John Marshall: I think Cisco's really far out in front of many. They have a firm grasp around the right protocols for video, they're strong with other technologies like multicast, they've got the full portfolio there, but I don't know if Cisco's quite yet seeing this migration of the AV segment of the market migrating on to corporate networks. And I don't know if they are watching or studying the evolution of the industry and the implications for corporate networks in the same way. But I think that they'll see that probably in the next year or two years.
You mentioned the next year or two years. What might people more broadly see out of Userful going through 2022 and beyond?

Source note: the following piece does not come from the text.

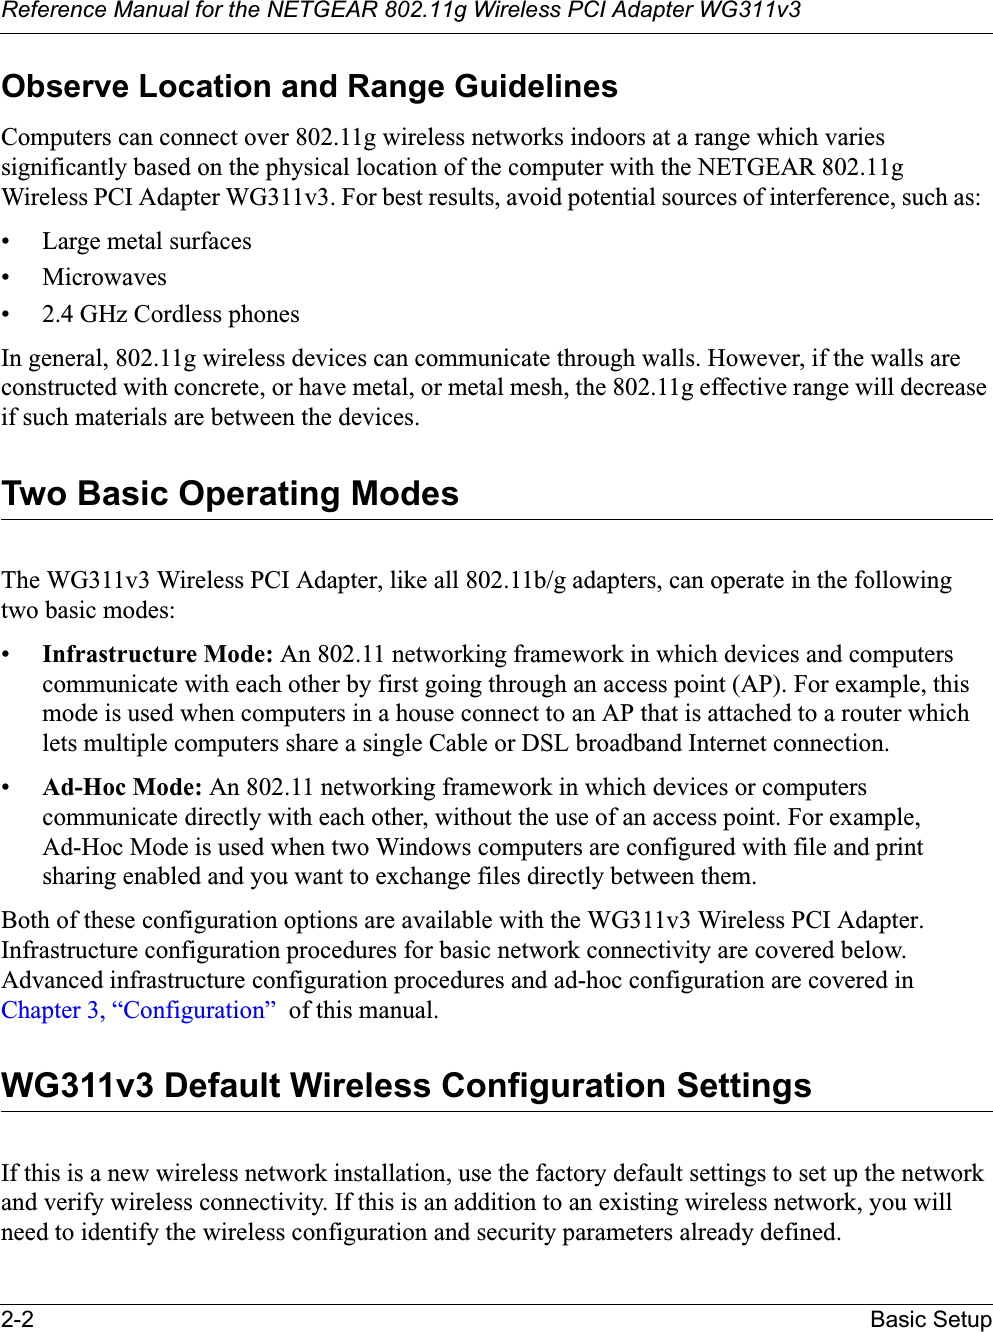 Reference Manual for the NETGEAR 802.11g Wireless PCI Adapter WG311v32-2 Basic SetupObserve Location and Range GuidelinesComputers can connect over 802.11g wireless networks indoors at a range which varies significantly based on the physical location of the computer with the NETGEAR 802.11gWireless PCI Adapter WG311v3. For best results, avoid potential sources of interference, such as: • Large metal surfaces• Microwaves• 2.4 GHz Cordless phonesIn general, 802.11g wireless devices can communicate through walls. However, if the walls are constructed with concrete, or have metal, or metal mesh, the 802.11g effective range will decrease if such materials are between the devices.Two Basic Operating ModesThe WG311v3 Wireless PCI Adapter, like all 802.11b/g adapters, can operate in the following two basic modes:•Infrastructure Mode: An 802.11 networking framework in which devices and computers communicate with each other by first going through an access point (AP). For example, this mode is used when computers in a house connect to an AP that is attached to a router which lets multiple computers share a single Cable or DSL broadband Internet connection.•Ad-Hoc Mode: An 802.11 networking framework in which devices or computers communicate directly with each other, without the use of an access point. For example, Ad-Hoc Mode is used when two Windows computers are configured with file and print sharing enabled and you want to exchange files directly between them.Both of these configuration options are available with the WG311v3 Wireless PCI Adapter. Infrastructure configuration procedures for basic network connectivity are covered below. Advanced infrastructure configuration procedures and ad-hoc configuration are covered in Chapter 3, “Configuration”  of this manual.WG311v3 Default Wireless Configuration SettingsIf this is a new wireless network installation, use the factory default settings to set up the network and verify wireless connectivity. If this is an addition to an existing wireless network, you will need to identify the wireless configuration and security parameters already defined.

John Marshall: I think that one of the key growth opportunities for Userful is recognizing that moving to the data center for a private cloud or enabling AV from either private cloud or public cloud is an important move for the IT department and as AV moves from being an AV department nto IT, we have to be mindful that it is a much larger organization with different responsibilities. So there's an applications group within most IT departments that are responsible for application selection, then once an application is selected, there's an infrastructure operations group, and that's typically where we're seeing AV move because it's an infrastructure or operations play.
We're seeing that that's an area that needs consideration. The security department, the security team within an IT department has a say. So all of these different areas have high relevance, but what we're seeing is that as more and more sharing of resources become relevant and as AV becomes a shared resource, a multi-source, multi-display resource that will happen through I&O, infrastructure and operations.
And so we're recognizing the need to move from islands to data centers and we have several offerings for private cloud and public cloud that will be announced later in 2022, and that will help facilitate that move.
All right, John, thank you so much for spending some time with me. I even understood some of it.
John Marshall: Thank you for making the time to hear what we had to say.